Dijkstra's Algorithm Runtime

Question

I know that this might not be a good question, but I was wondering how it's runtime is O(ElogV).

Here's the Algo

DIJKSTRA(G,w,s)
S=null
PQ=G.V
while (PQ!=null)
    u=Extract-Min(PQ)
    S=S+u \\Add node u to set S(explored vertices)
    foreach (v in adj(u))
        if(d(v) > d(u) + w(u,v) )
            d(v) = d(u) + w(u,v)  \\at this step, we need to update the priority d(v) of vertex (v) in the Priority Queue. 

Time complexity is given by O(E logV), as the inner loop runs at most E times, and for each loop iteration, it take O(logV) time to update the priority d(v) of vertex (v) in Priority Queue PQ. But this operation requires us to search for the vertex (v) in Priority Queue PQ, which takes O(v) time. So how is the Time complexity O(E logV).

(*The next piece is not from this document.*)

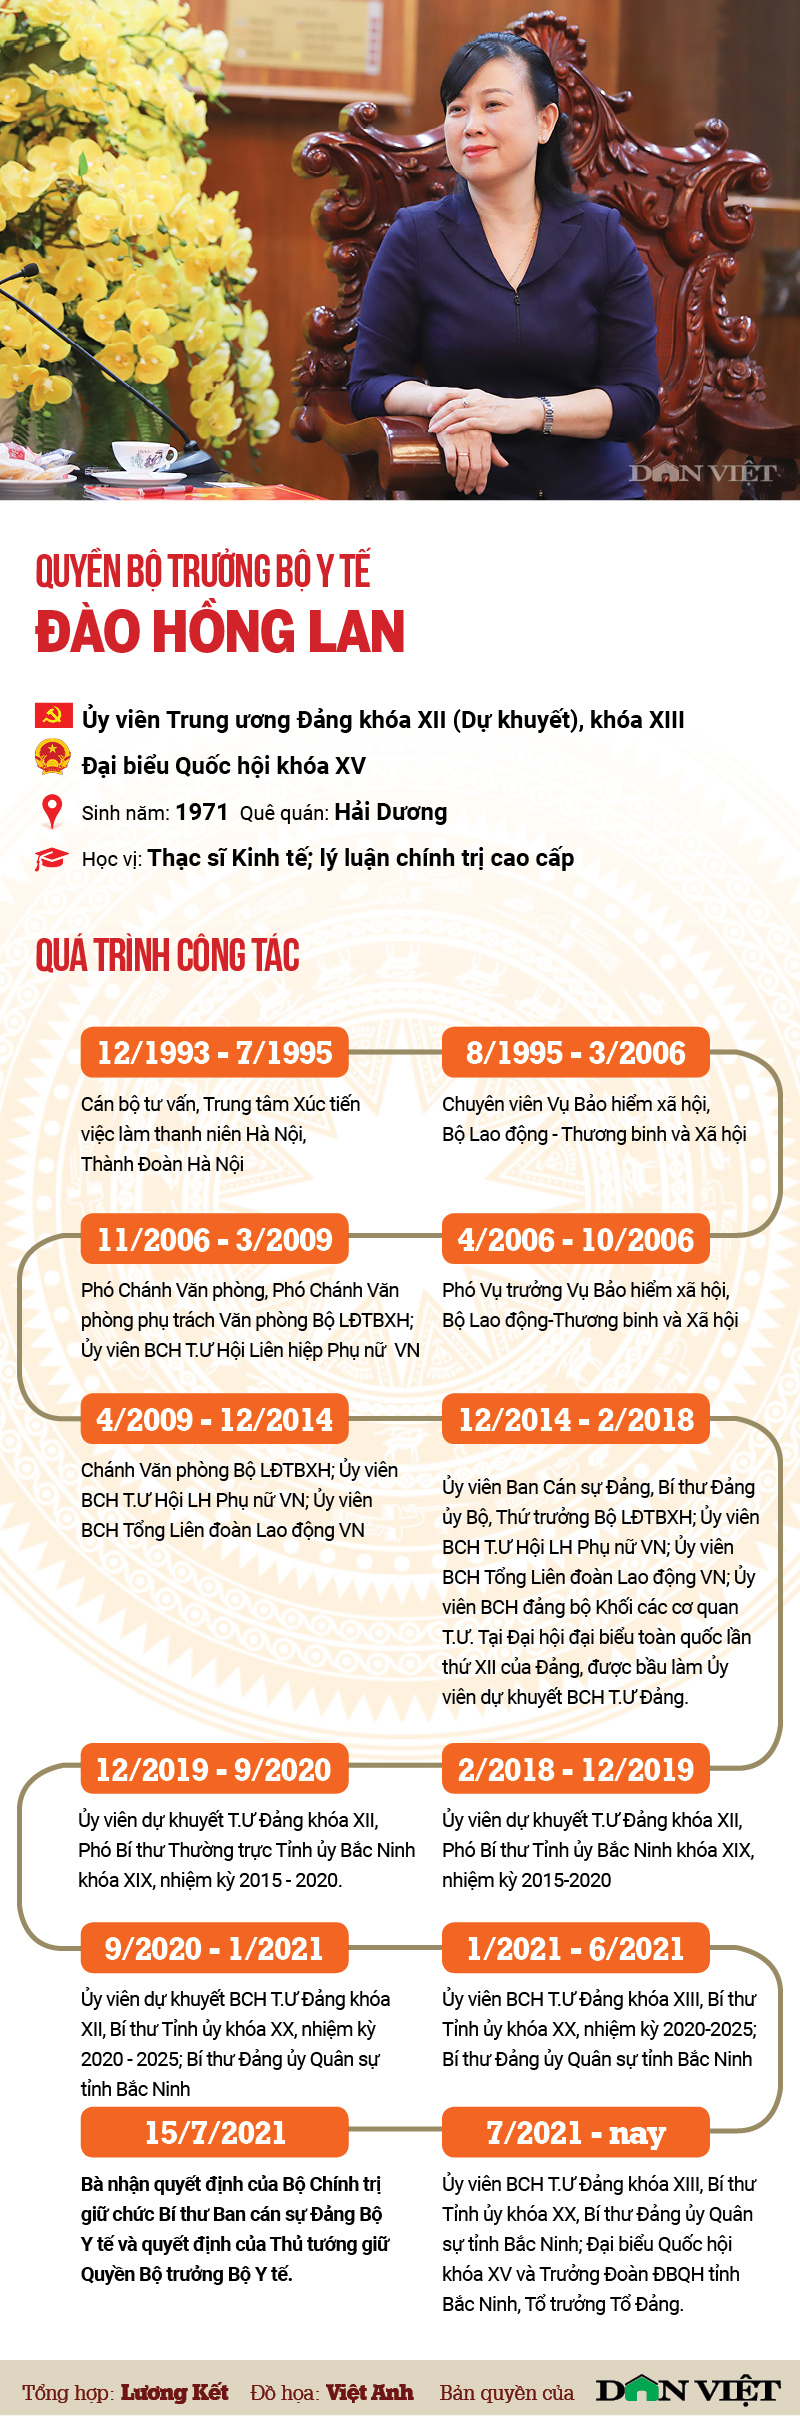 Infographic chân dung Quyền Bộ trưởng Bộ Y tế Đào Hồng Lan - Ảnh 1.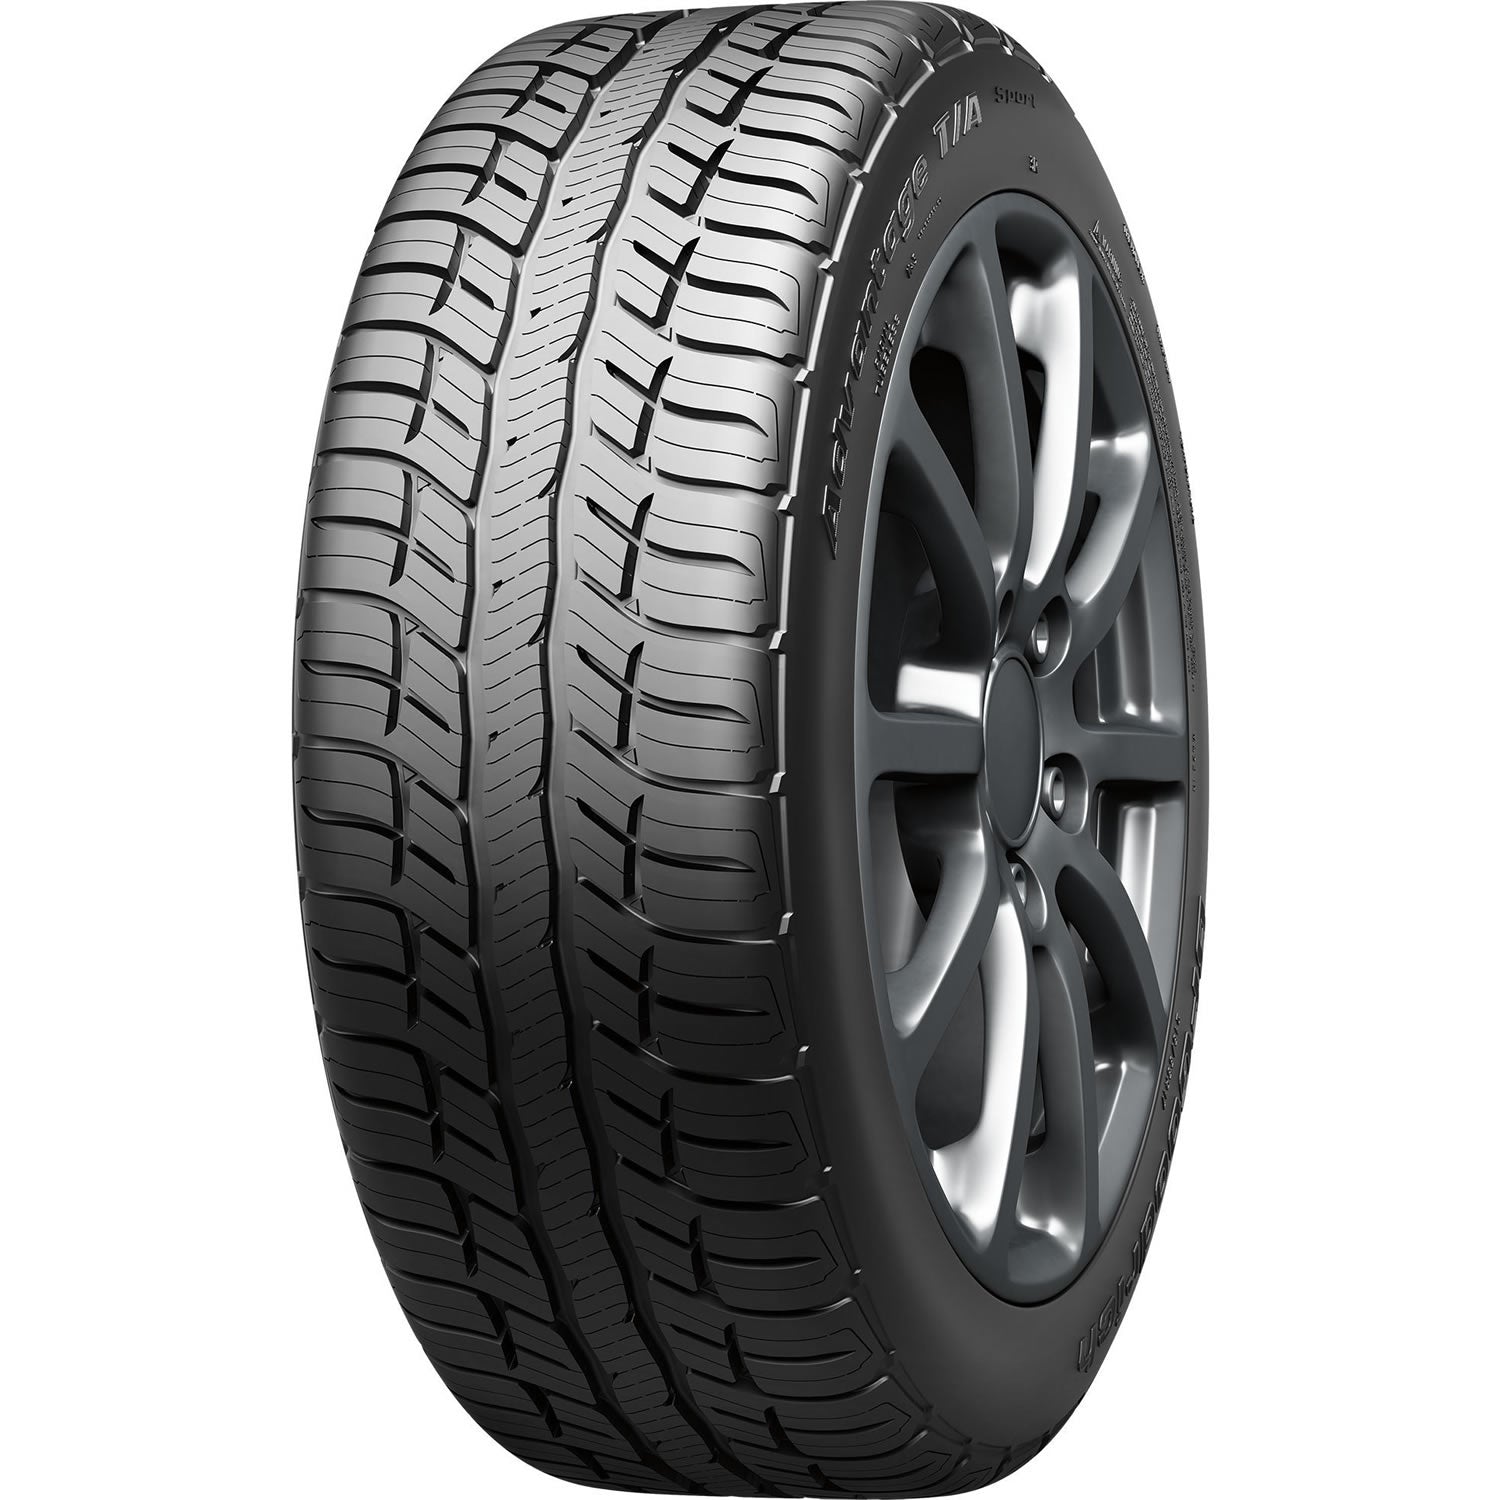 BFGOODRICH ADVANTAGE T/A SPORT 255/70R16 (30.1X10R 16) Tires

--Edit-- If fact the while loop is executed V times and each time an element is extracted from PQ, which means that running time is O(V logV), right?

Answer 1

You don't need to search for v in the priority queue. When you insert in the priority queue, you can keep a reference to the inserted node in an array indexed by v, and look it up instantly.